Aim of the exercise> Look below for the line containing "RS-R N-BOXカスタム NBOXカスタム"; from there, print each line exactly up to and including the line containing "68K0764 - Jeu", and stop.

Data>
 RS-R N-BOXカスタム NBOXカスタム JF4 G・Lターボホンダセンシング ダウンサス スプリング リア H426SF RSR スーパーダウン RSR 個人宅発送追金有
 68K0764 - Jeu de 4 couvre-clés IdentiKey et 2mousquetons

--

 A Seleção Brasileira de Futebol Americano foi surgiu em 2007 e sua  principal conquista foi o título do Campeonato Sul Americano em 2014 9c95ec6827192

---

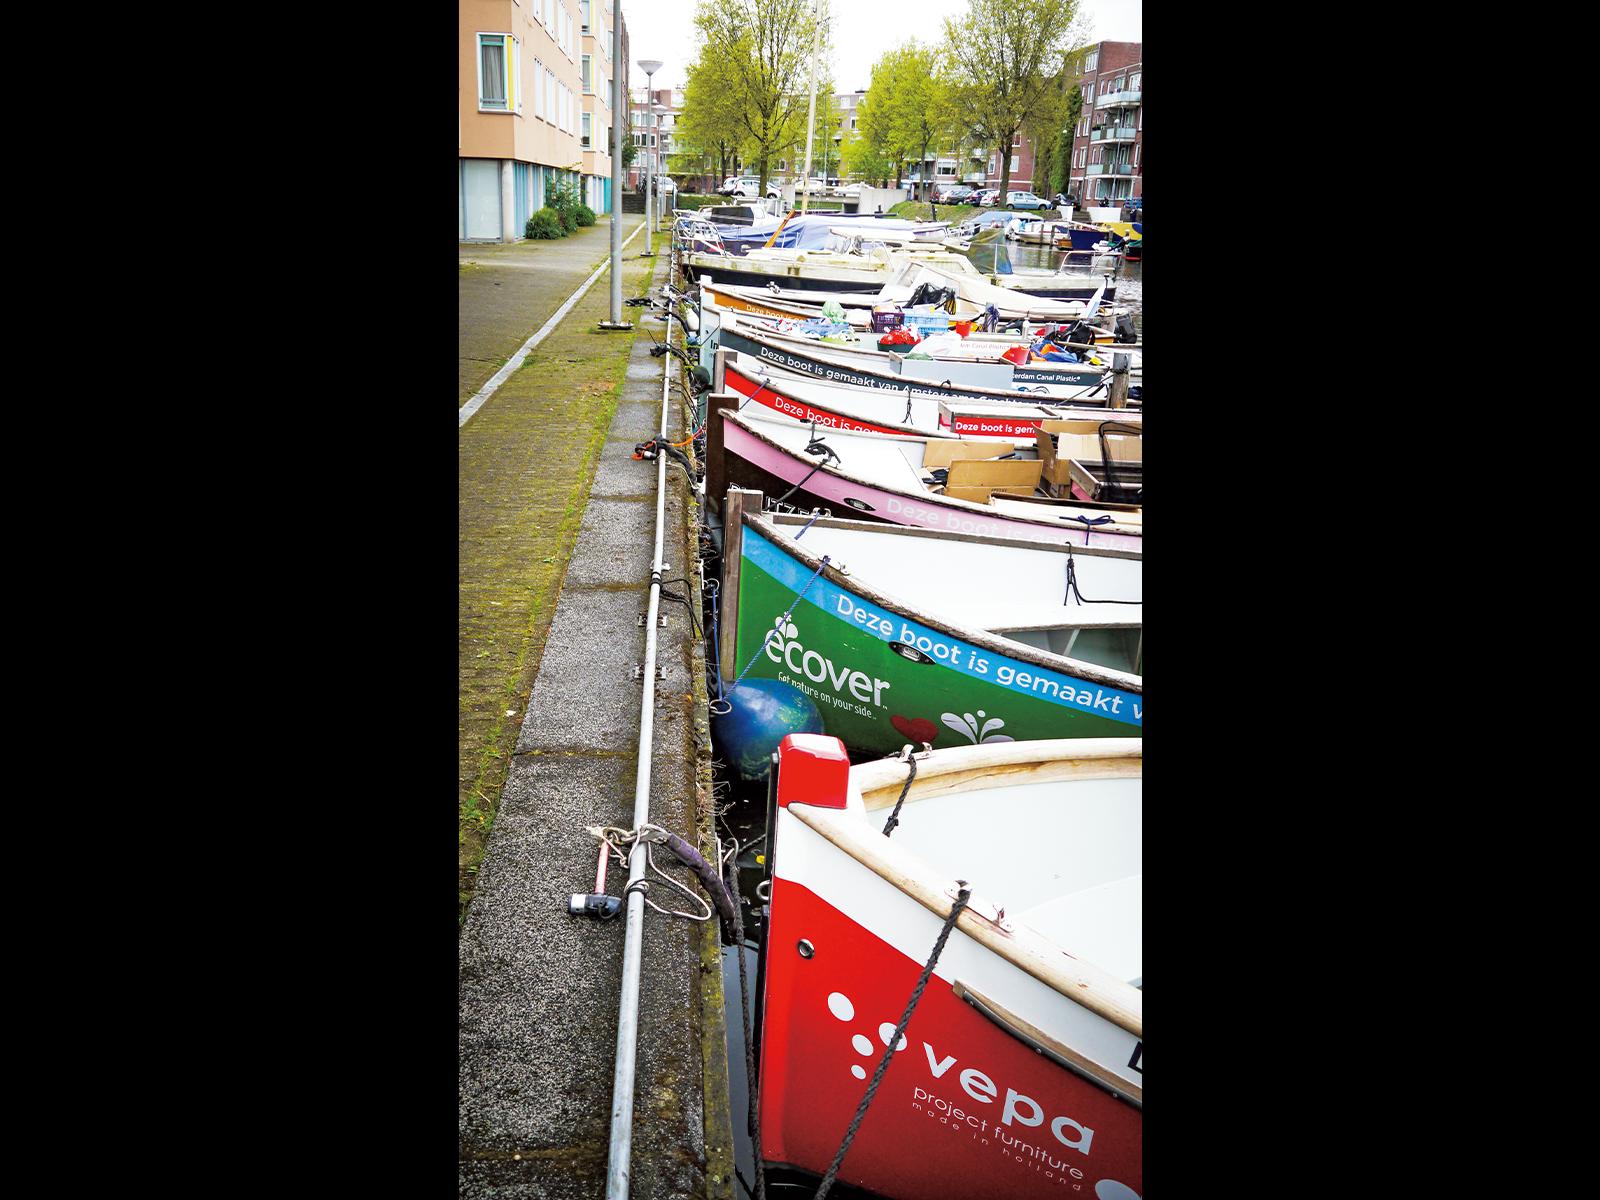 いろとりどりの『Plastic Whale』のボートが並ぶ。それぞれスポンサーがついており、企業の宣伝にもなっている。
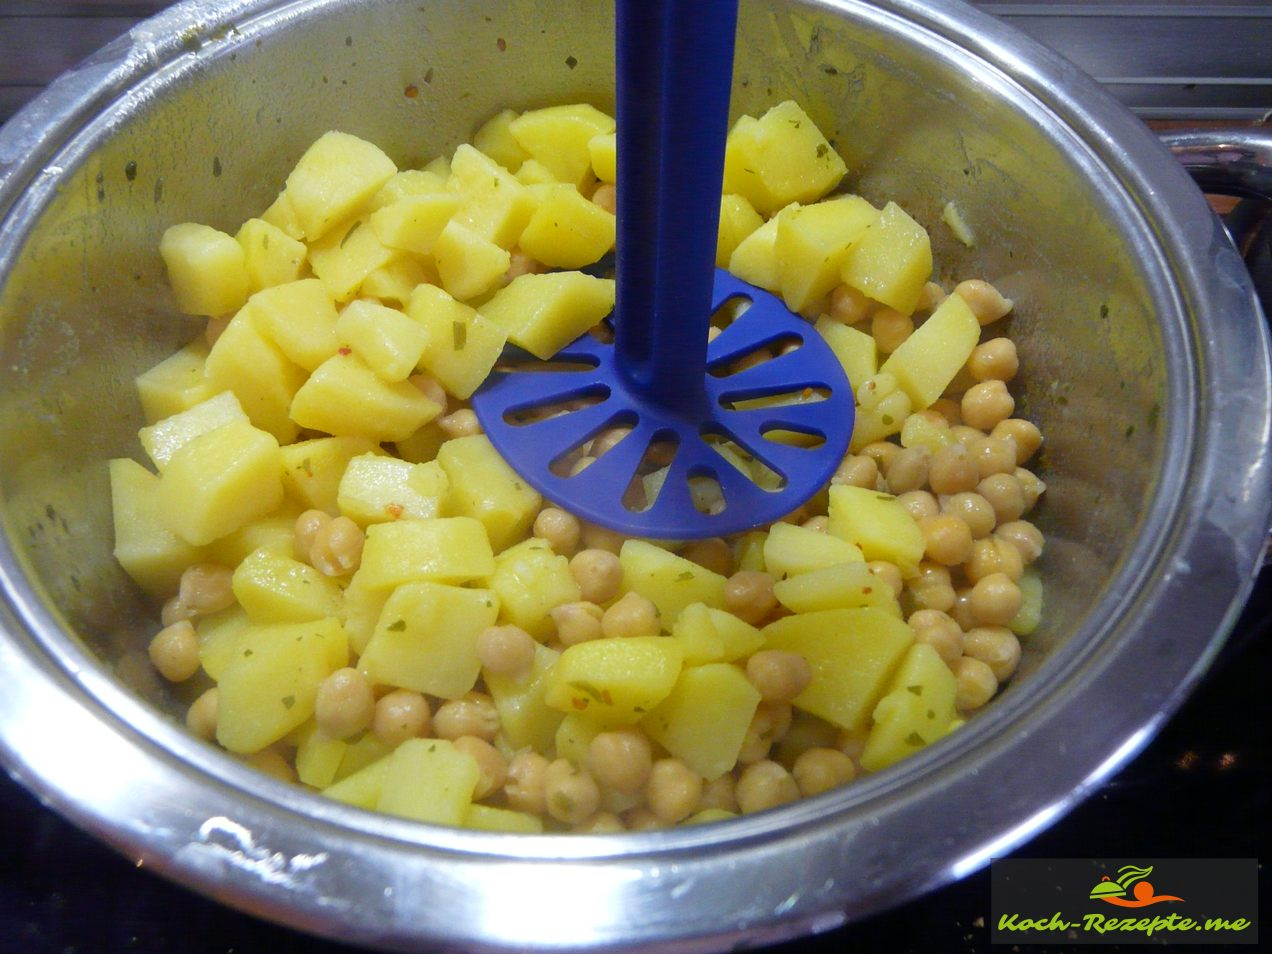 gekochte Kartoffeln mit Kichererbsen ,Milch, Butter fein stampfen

Solution to the problem>
 RS-R N-BOXカスタム NBOXカスタム JF4 G・Lターボホンダセンシング ダウンサス スプリング リア H426SF RSR スーパーダウン RSR 個人宅発送追金有
 68K0764 - Jeu de 4 couvre-clés IdentiKey et 2mousquetons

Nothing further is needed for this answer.